Has anybody checked either of the Mayor's two calanders (thats right, we don't have access to his "private" calander) to see if any of his 11% doing city business included MTA attendance as President?

I'm sure that lobbying Obama and other fed agencies for money to complete these projects faster -- which MTA staff confirms he's been doing and the Times article emphasizes that he's making speeding up implementation of these projects and funding a top priority -- is NOT considered by the Weekly part of his 11% worktime. Which shows how narrowly they've defined work, and how ludicrous their hit piece was -- if AnVil can bring in the big bucks from his new BF's in D.C., that's one of the most important things he can be doing.
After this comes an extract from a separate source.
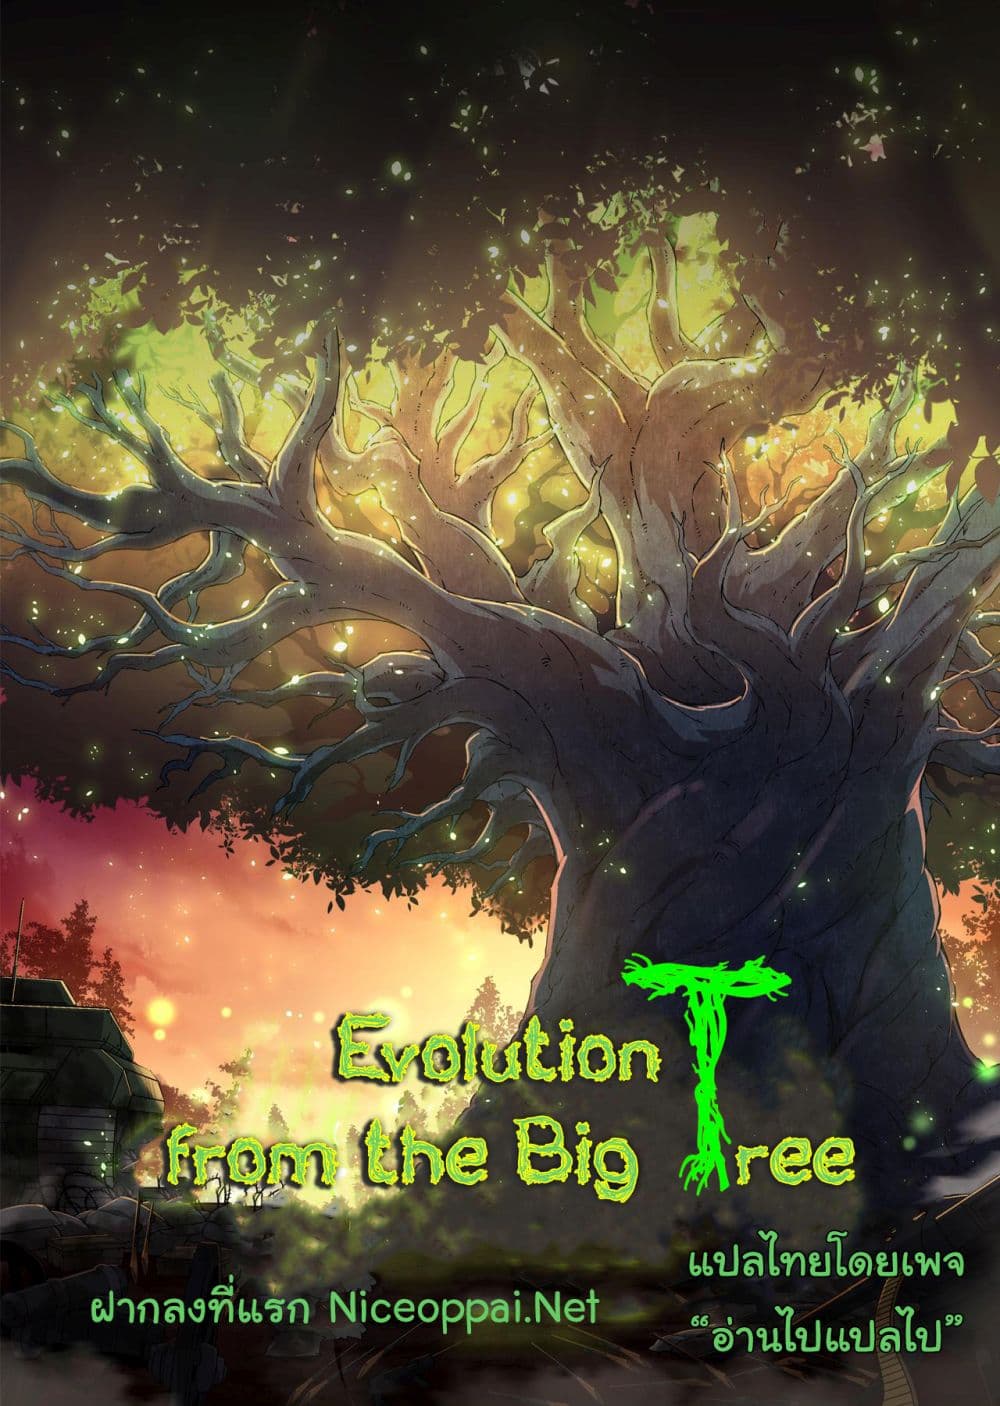 Evolution from the Big Tree Ã Â¸â€¢Ã Â¸Â­Ã Â¸â„¢Ã Â¸â€”Ã Â¸ÂµÃ Â¹Ë† 11 (61)

And I'm not a particular fan, but looking at the others running or who could have run like Caruso, I have to say about him what Churchill said about democracy: "He's the worst possible option -- except for all the others."

Ooooo. Belly rub! Belly rub! Belly rub!

That's the best next to top of tail scratch where no dog can reach.

Bruno, if they would have let us reproduce, by the time that line is built our great-great-great-great-great granddogs would have be sniffing the streets...that is if the Big One hasn't hit or Nostradogmus' 2012 predictions didn't come true.